# Materials provided:
***

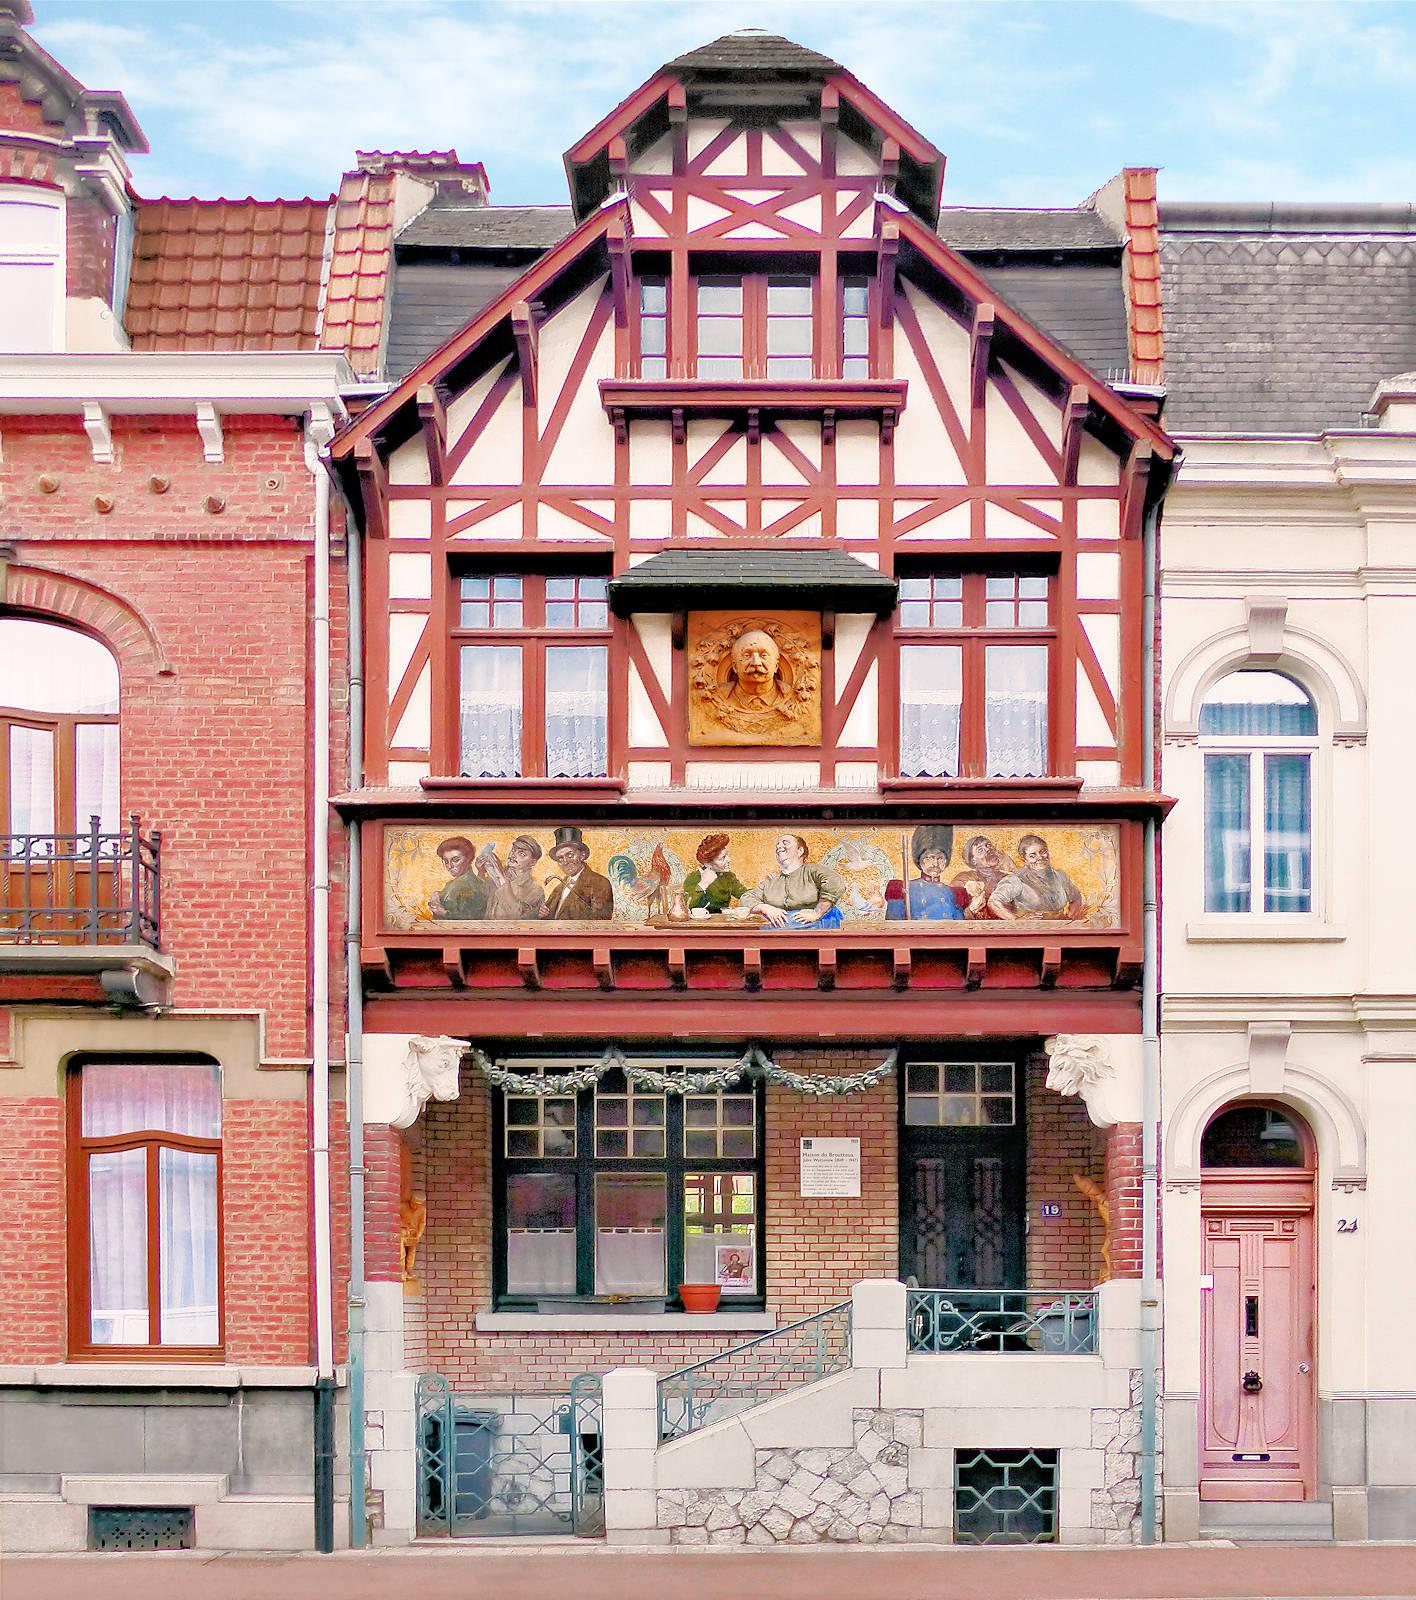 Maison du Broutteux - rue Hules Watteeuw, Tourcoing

***

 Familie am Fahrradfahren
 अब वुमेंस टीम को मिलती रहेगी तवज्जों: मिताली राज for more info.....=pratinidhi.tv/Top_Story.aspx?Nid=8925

***

Nothing should appear in the answer except the lines above from the line with "Familie am Fahrradfahren" through the line with "अब वुमेंस टीम", both included, written out exactly.

# Expected answer:
 Familie am Fahrradfahren
 अब वुमेंस टीम को मिलती रहेगी तवज्जों: मिताली राज for more info.....=pratinidhi.tv/Top_Story.aspx?Nid=8925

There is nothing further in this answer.